Candida auris spreads primarily through direct contact with contaminated surfaces or with colonized patients in healthcare facilities. Unlike many fungi, it clings stubbornly to bed rails, medical equipment, and other hard surfaces, persisting for months. Shared medical devices that move between patients are a known transmission route.

Standard hospital cleaning products don’t always kill it. The EPA maintains a specific list of disinfectants proven effective against Candida auris, which includes products based on hydrogen peroxide, bleach (sodium hypochlorite), and certain quaternary ammonium compounds. Facilities dealing with an outbreak need to use these specific products rather than relying on their routine cleaning protocols.

The fungus does not spread through the air like a cold or flu virus. You won’t catch it by walking through a hospital lobby or visiting a friend in the hospital. Transmission requires close, sustained contact in a care setting, or contact with contaminated surfaces and equipment.

Climate Change and New Fungal Threats

Candida auris isn’t the only fungal pathogen gaining ground. The broader trend of rising global temperatures may be making fungi more dangerous to humans. Most fungi can’t survive at human body temperature, around 98.6°F, which is one of our natural defenses. But as environmental temperatures climb, fungi may be adapting to tolerate warmer conditions, potentially including the warmth of the human body. Some researchers believe this thermal adaptation could be part of how Candida auris emerged as a human pathogen in the first place, appearing independently on multiple continents around the same time.

The WHO’s critical priority fungal pathogen list includes four species: Candida auris, Cryptococcus neoformans (which causes a deadly form of meningitis, primarily in people with HIV), Aspergillus fumigatus (a mold that causes severe lung infections), and the common yeast Candida albicans. Below that, the high priority group includes seven more, ranging from agents that cause deep tissue infections to molds that can invade the sinuses, lungs, and brain. Together, fungal infections kill more than 1.5 million people worldwide each year, a figure that has historically received far less attention than deaths from bacteria or viruses.

What This Means for You

If you’re generally healthy and not spending time in hospitals or long-term care facilities, Candida auris poses very little direct risk to you right now. The concern is broader: a drug-resistant organism spreading this quickly through healthcare systems puts strain on an already limited set of antifungal tools, and it raises the mortality risk for anyone who ends up seriously ill and hospitalized for other reasons.

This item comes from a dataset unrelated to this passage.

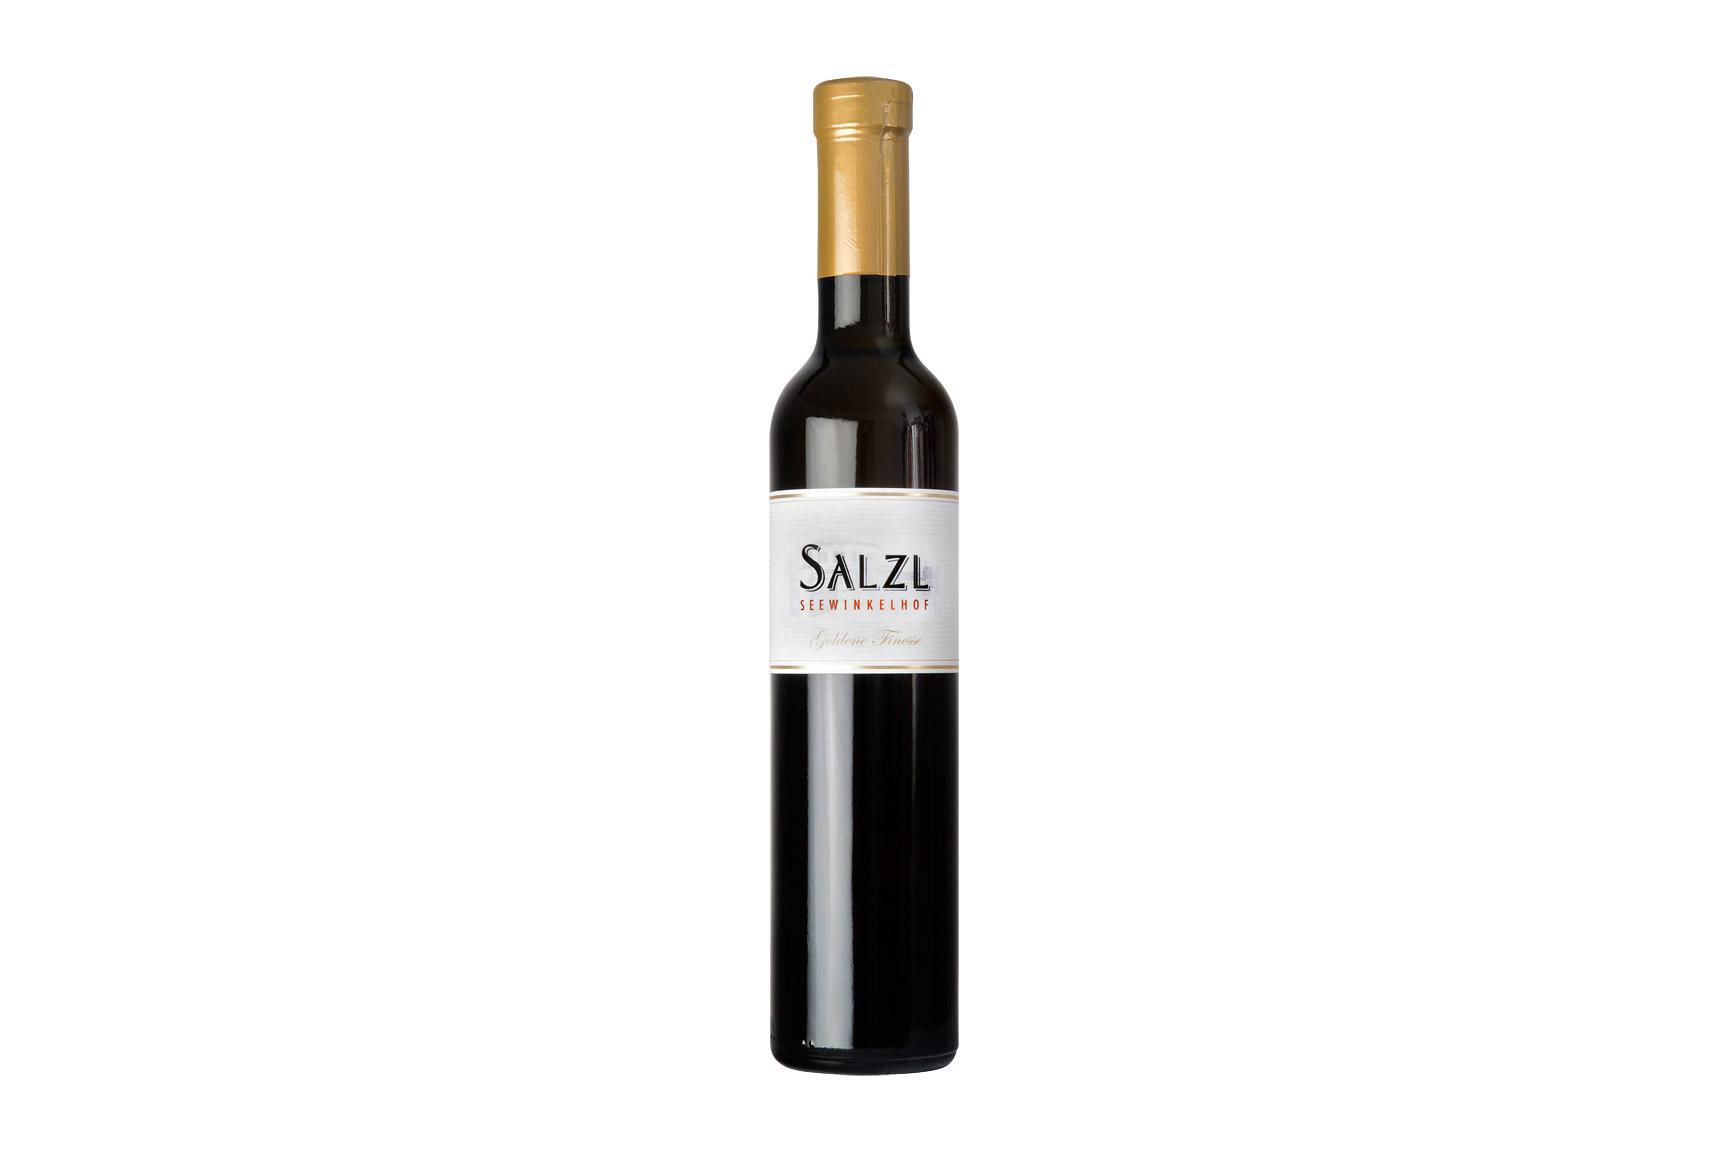 Salzl, Goldene Finesse, 2015, vin alb dulce, AWine

If you or a family member is facing a long hospital stay, it’s reasonable to ask the care team what infection control measures are in place. Good hand hygiene by both staff and visitors remains the single most effective way to prevent transmission. For the general public, the most important thing to understand is that this is not a pandemic-style airborne threat. It is a healthcare-associated infection that’s growing steadily more common and more difficult to treat, and it’s being closely tracked by public health agencies for exactly that reason.